A big part of the problem is all the tooling around git (like the default github UI) which hides diffs for binary files like these pseudo-"test" files. Makes them an ideal place to hide exploit data since comparatively few people would bother opening a hex editor manually.
How many people read autoconf scripts, though? I think those filters are symptom of the larger problem that many popular C/C++ codebases have these gigantic build files which even experts try to avoid dealing with. I know why we have them but it does seem like something which might be worth reconsidering now that the tool chain is considerably more stable than it was in the 80s and 90s.
The alternatives are _better_ but still not great. build.rs is much easier to read and audit, for example, but it’s definitely still the case that people probably skim past it. I know that the Rust community has been working on things like build sandboxing and I’d expect efforts to be a lot easier there than in a mess of m4/sh where everyone is afraid to break 4 decades of prior usage.
build.rs is easier to read, but it's the tip of the iceberg when it comes to auditing.
If I were to sneak in some underhanded code, I'd do it through either a dependency that is used by build.rs (not unlike what was done for xz) or a crate purporting to implement a very useful procedural macro...
I mean, autoconf is basically a set of template programs for snffing out whether a system has X symbol available to the linker. Any replacement for it would end up morphing into it over time.

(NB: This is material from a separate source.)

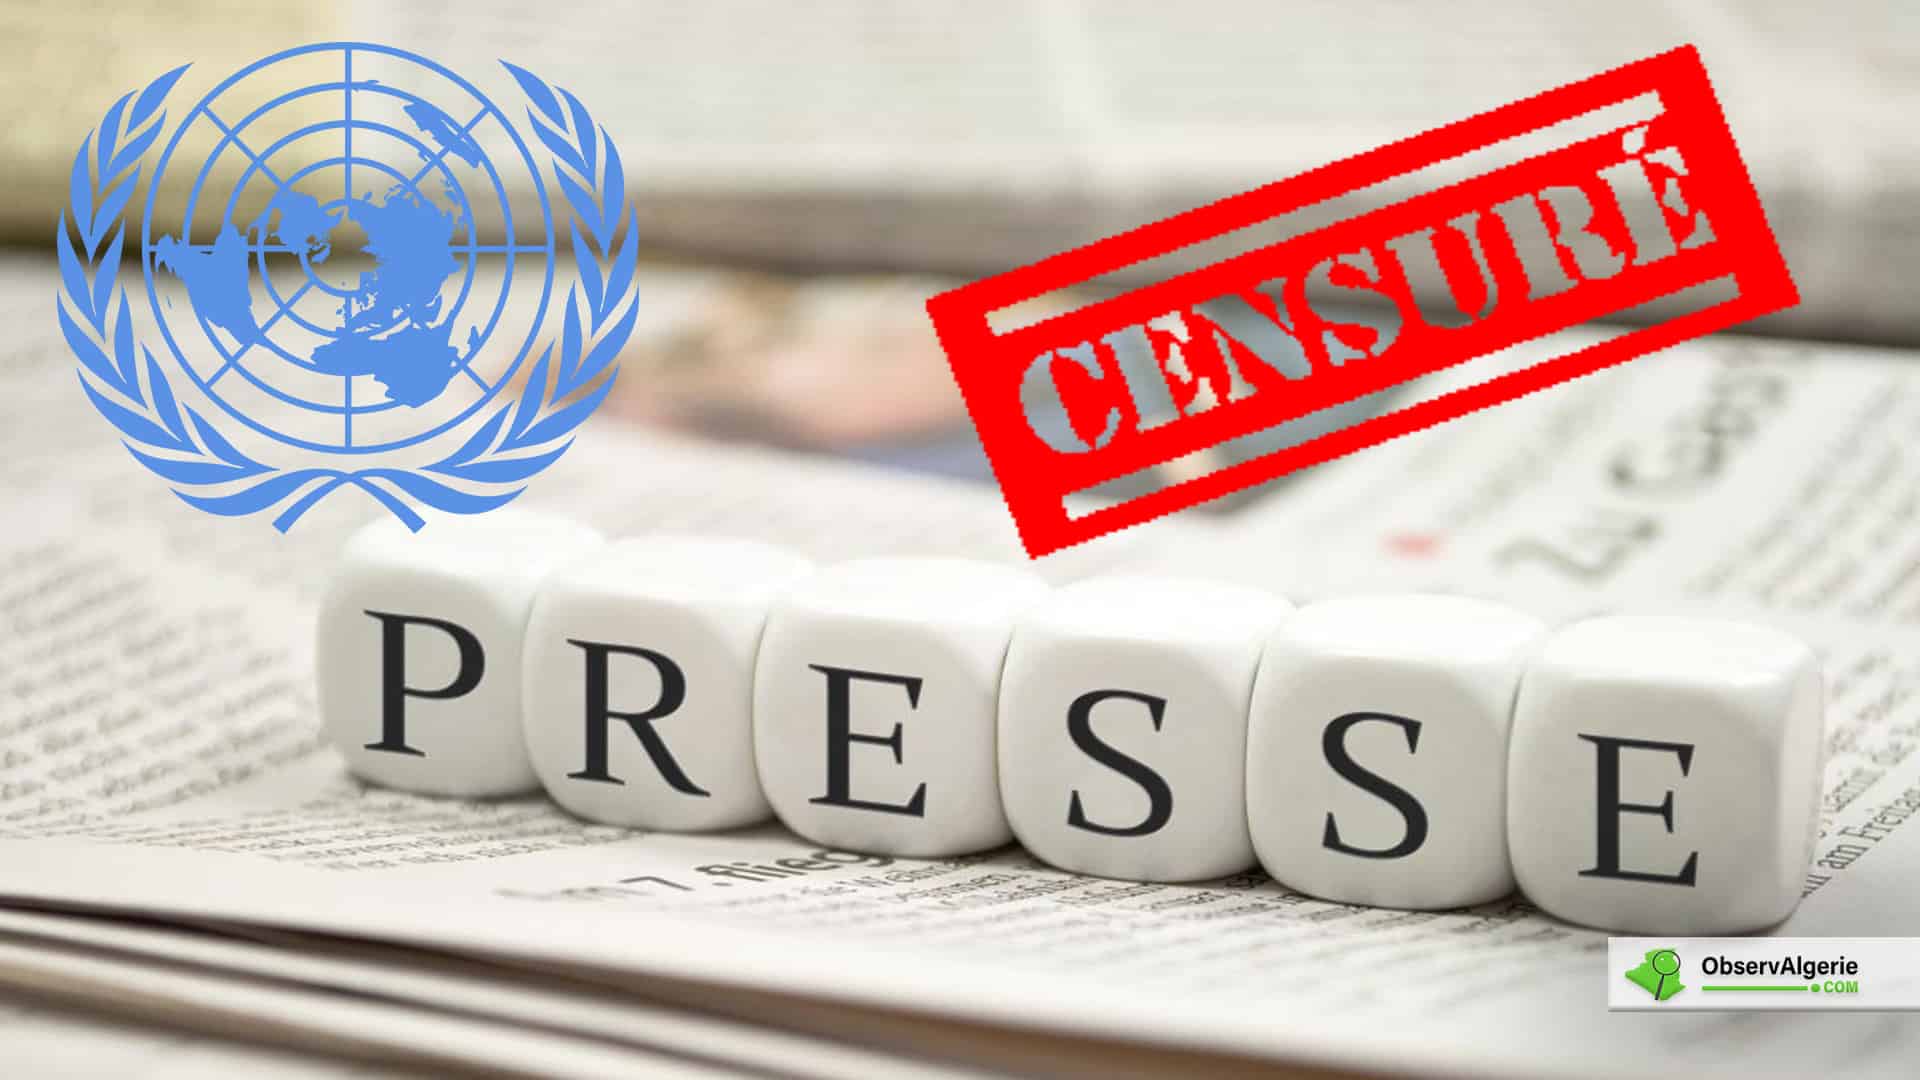 Montage : L'ONU sur fond de la presse censurée

We have much better tools now and much simpler support matrices, though. When this stuff was created, you had more processor architectures, compilers, operating systems, etc. and they were all much worse in terms of features and compatibility. Any C codebase in the 90s was half #ifdef blocks with comments like “DGUX lies about supporting X” or “SCO implemented Y but without option Z so we use Q instead”.
Even in binary you can see patterns. Not saying it's perfect to show binary diffs (but it is better than showing nothing) but I know even my slow mammalian brain can spot obvious human readable characters in various binary encoding formats. If I see a few in a row which doesn't make sense, why wouldn't I poke it?
This particular file was described as an archive file with corrupted data somewhere in the middle. Assuming you wanted to scroll that far through a hexdump of it, there could be pretty much any data in there without being suspicious.
You're right - the two exploit files are lzma-compressed and then deliberately corrupted using `tr`, so a hex dump wouldn't show anything immediately suspicious to a reviewer.
Is this lzma compressed? Hard to tell because of the lack of formatting, but this looks like amd64 shellcode to me.
But that's not really important to the point - I'm not looking at a diff of every committed favicon.ico or ttf font or a binary test file to make sure it doesn't contain a shellcode.
testdata should not be on the same machine as the build is done. testdata (and tests generally) aren't as well audited, and therefore shouldn't be allowed to leak into the finished product.
Sure - you want to test stuff, but that can be done with a special "test build" in it's own VM.
in this case the backdoor was hidden in a nesting doll of compressed data manipulated with head/tail and tr, even replacing byte ranges inbetween. Would've been impossible to find if you were just looking at the test fixtures.